What if multiple payday lenders pull on the same day?

Move fast and put it in writing. Revoke ACH authorization on the loans that are about to hit. Then pay one outright by another method — pick the smallest if you can. Once you've revoked, the rest can't lawfully pull again, and they have to set you up on an EPP or a payment plan.

Does bankruptcy ruin my life?

No. It looks worse than it plays out. Yes, it sits on your credit report for 7–10 years, but the sting fades fast and most people are back on their feet financially in 2–4 years. When subprime debt has you buried, bankruptcy is often the quickest way out — just weigh credit counseling and a DMP first.

Can I negotiate a settlement directly with the lender?
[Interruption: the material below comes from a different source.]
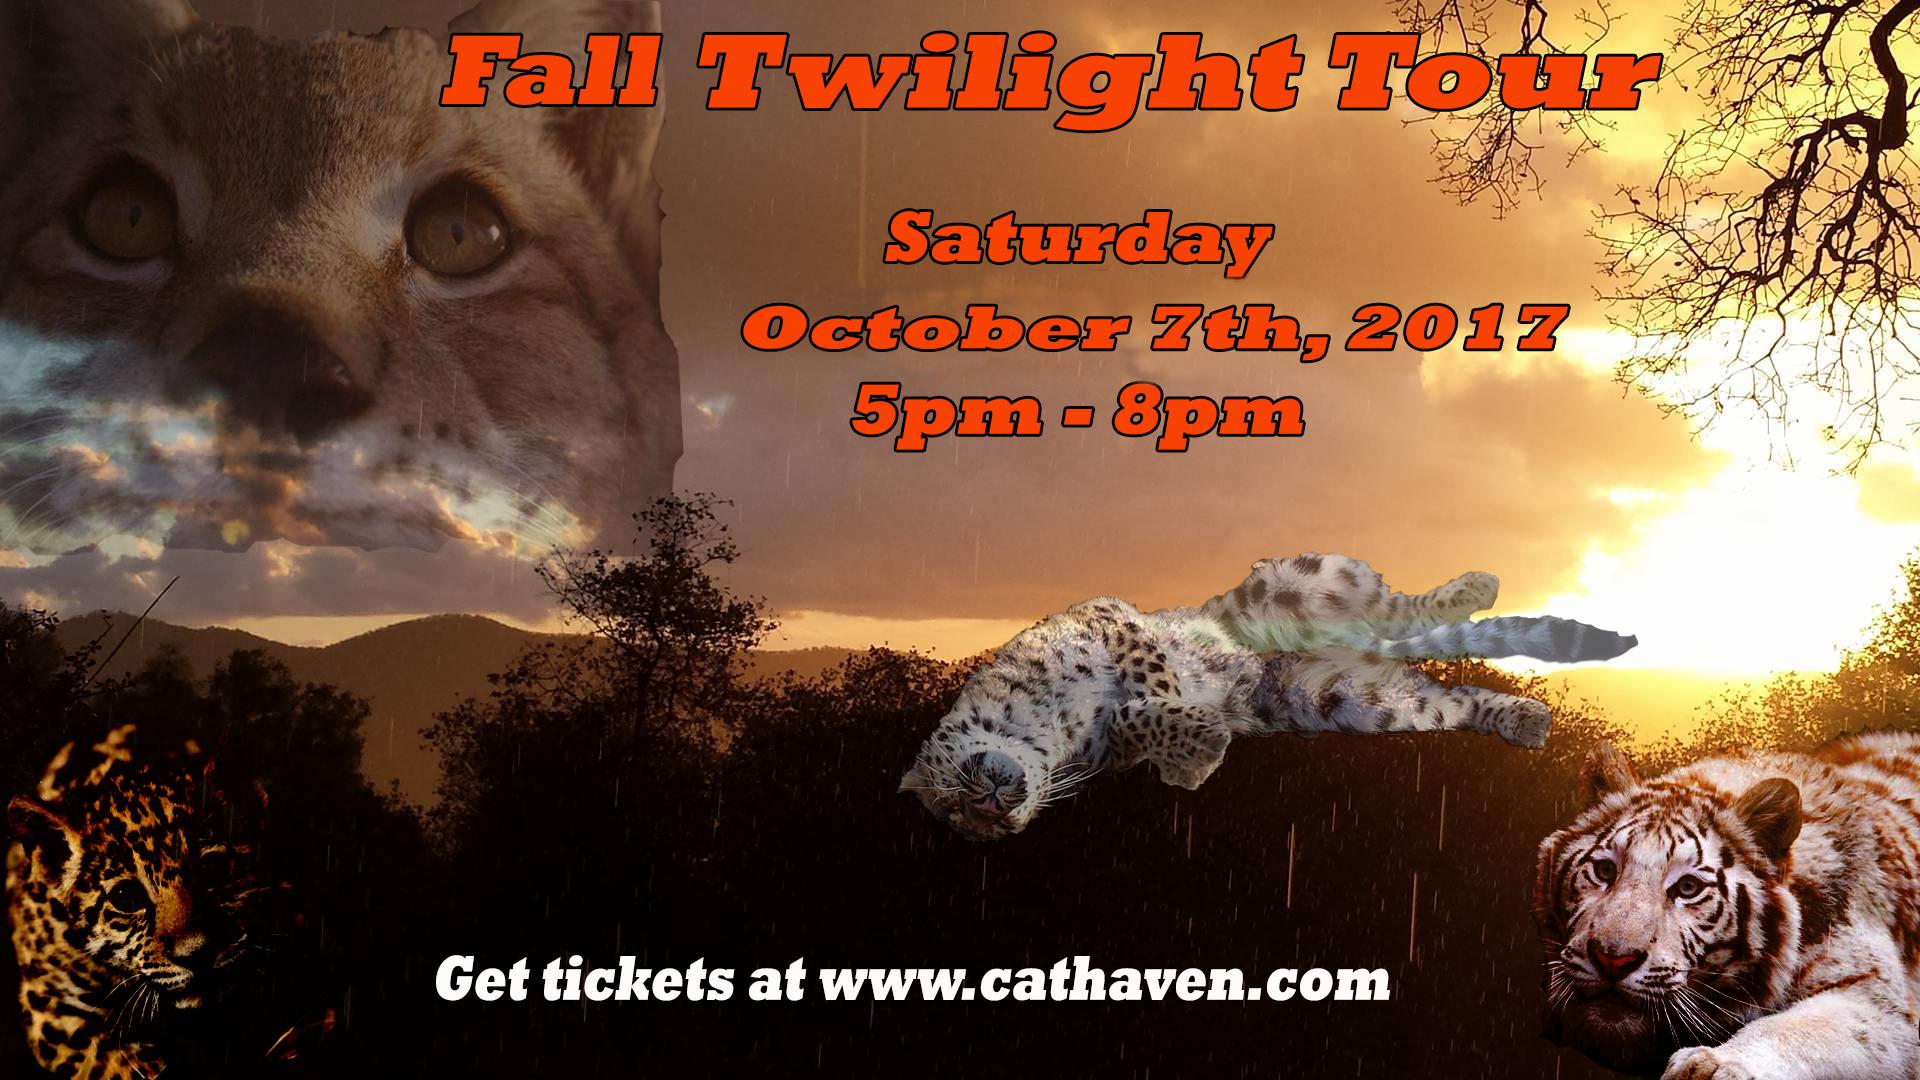 twilight tour fall.jpg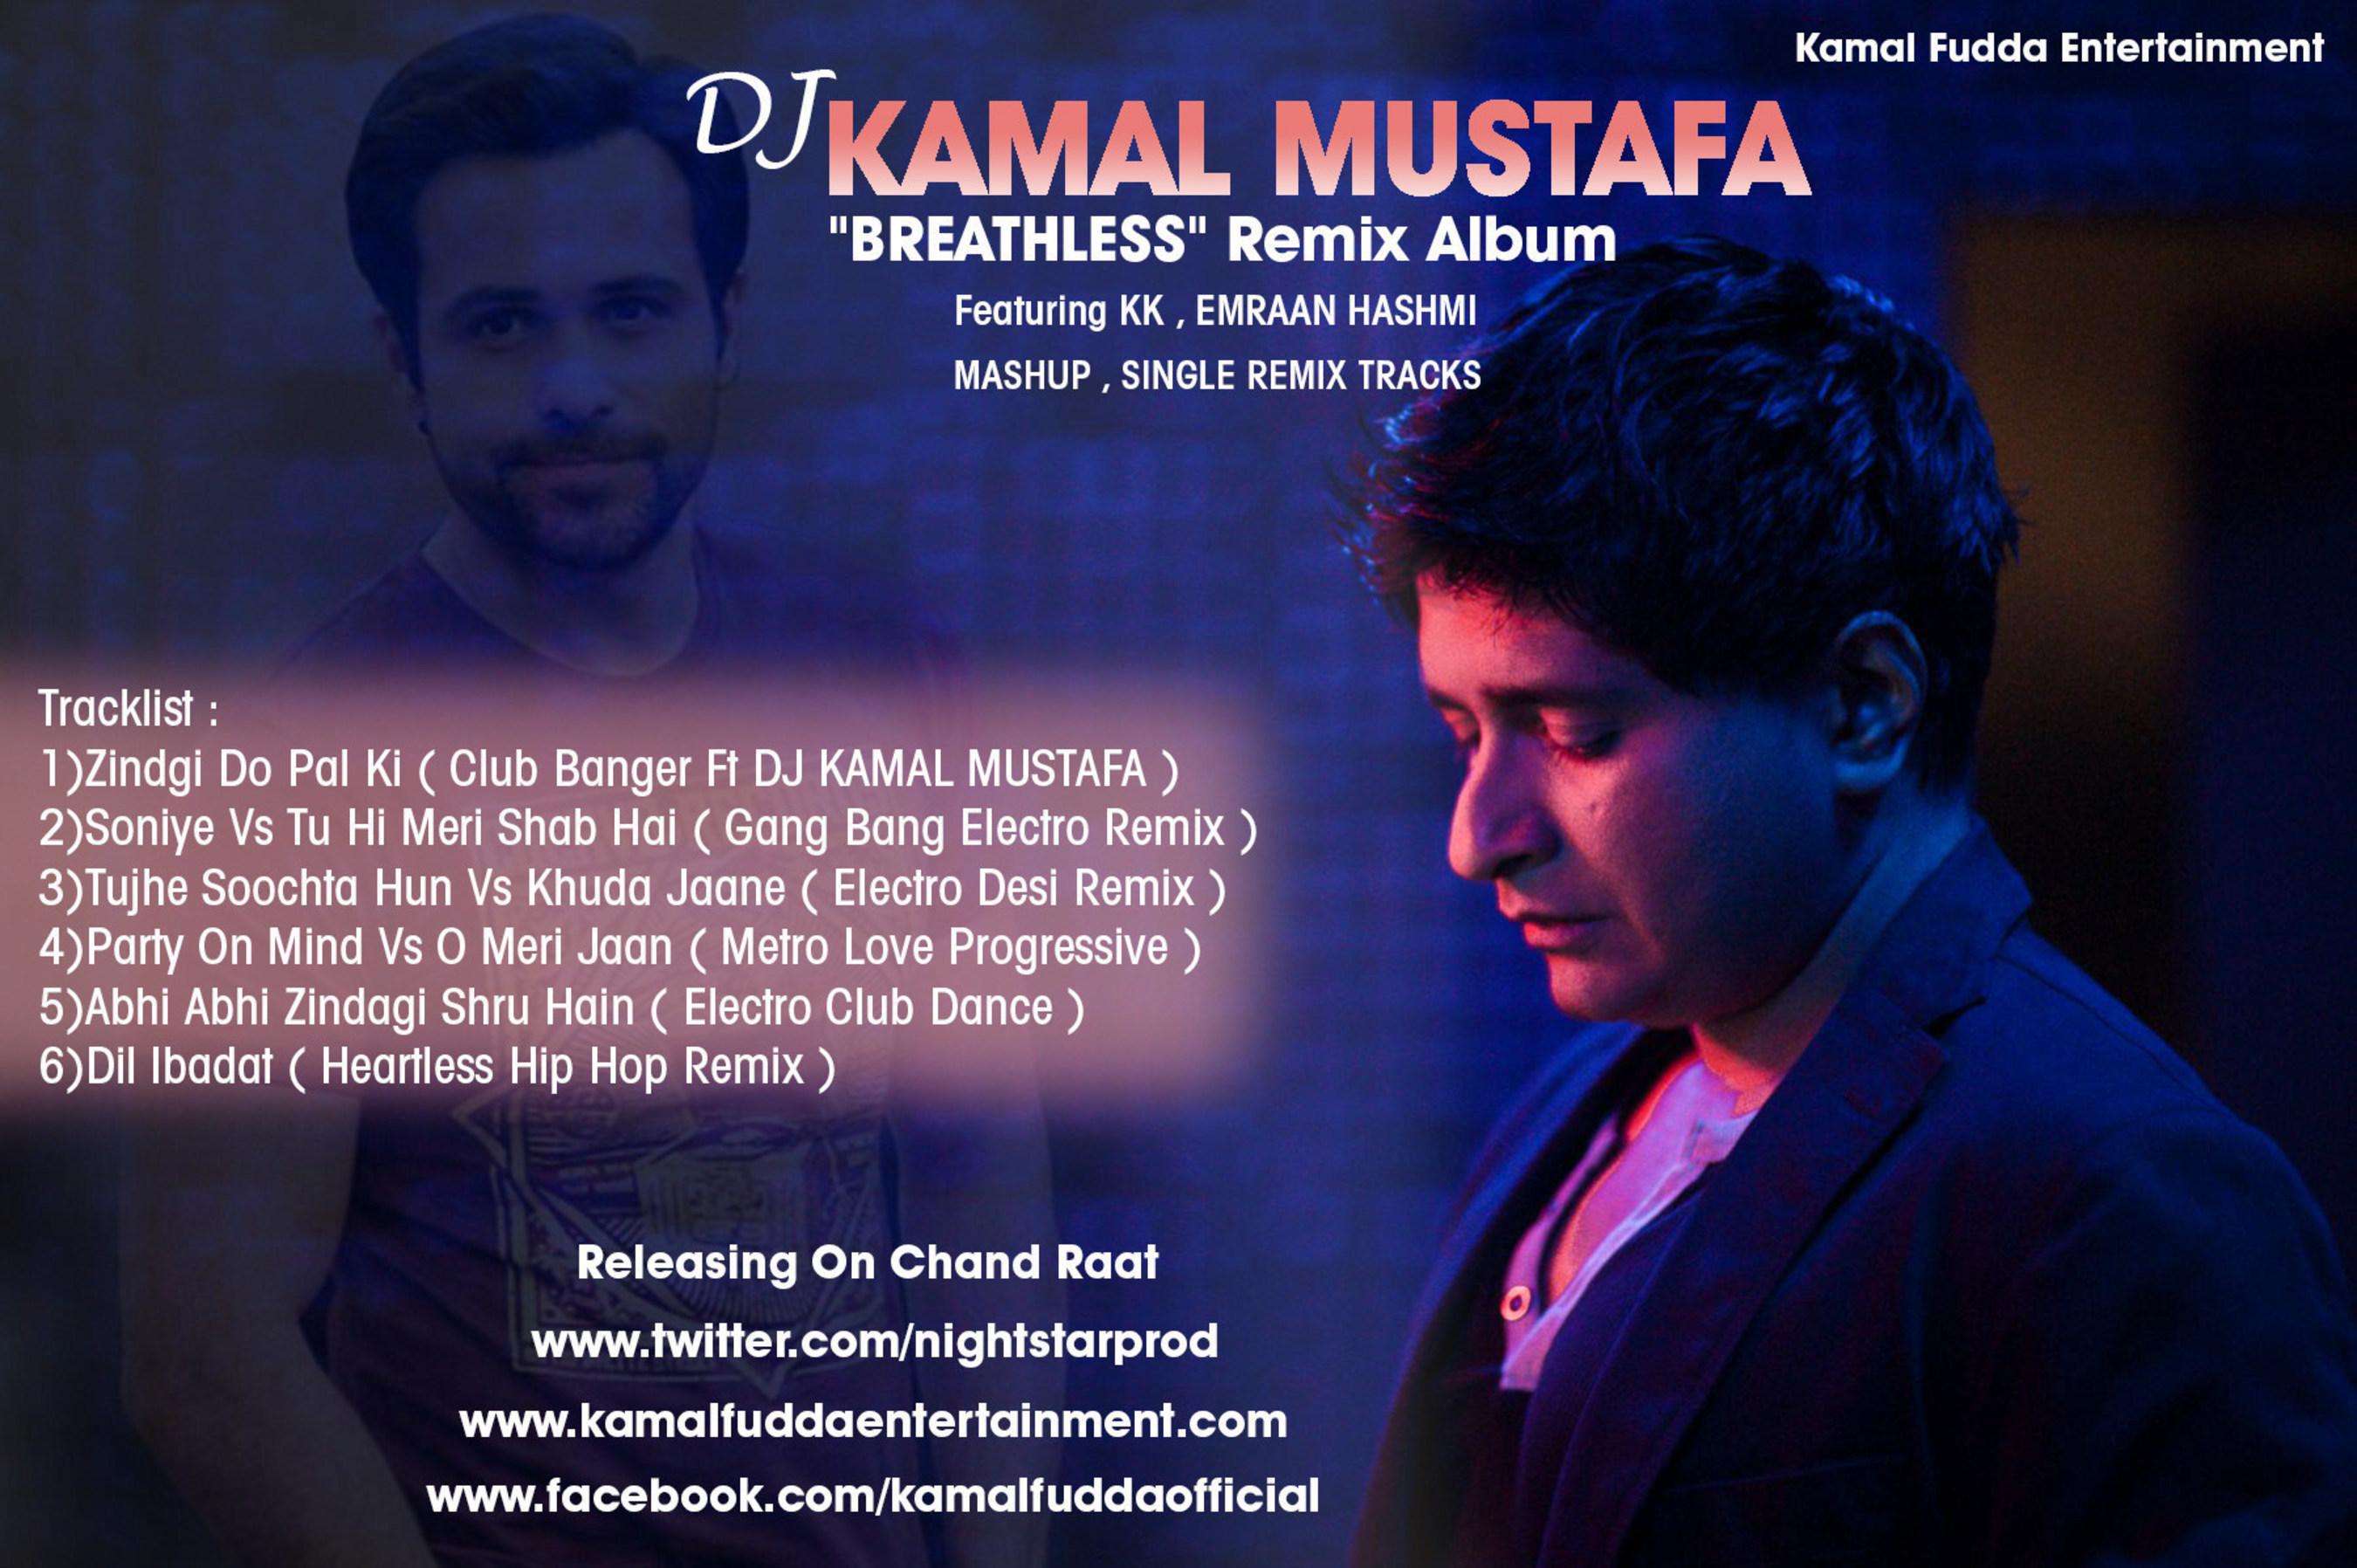 Dj Kamal Mustafa Releases 'Breathless' Remix Album Featuring KK

You can, and your odds go up once the debt is 60–90+ days late and they're thinking about selling it off. Offer 30–50% of the balance as a single payoff. Before you send anything, get it in writing — and make sure it says "this resolves all amounts due." Heads up: a deal like this may show as "settled — paid less than full" on your credit reports.

Is there a payday loan amnesty program?

There's nothing nationwide — no federal amnesty exists right now. A few states have run one-off programs after a lender went under, like the CashCall settlement. Your best move is to check your state regulator's website to see if anything's active.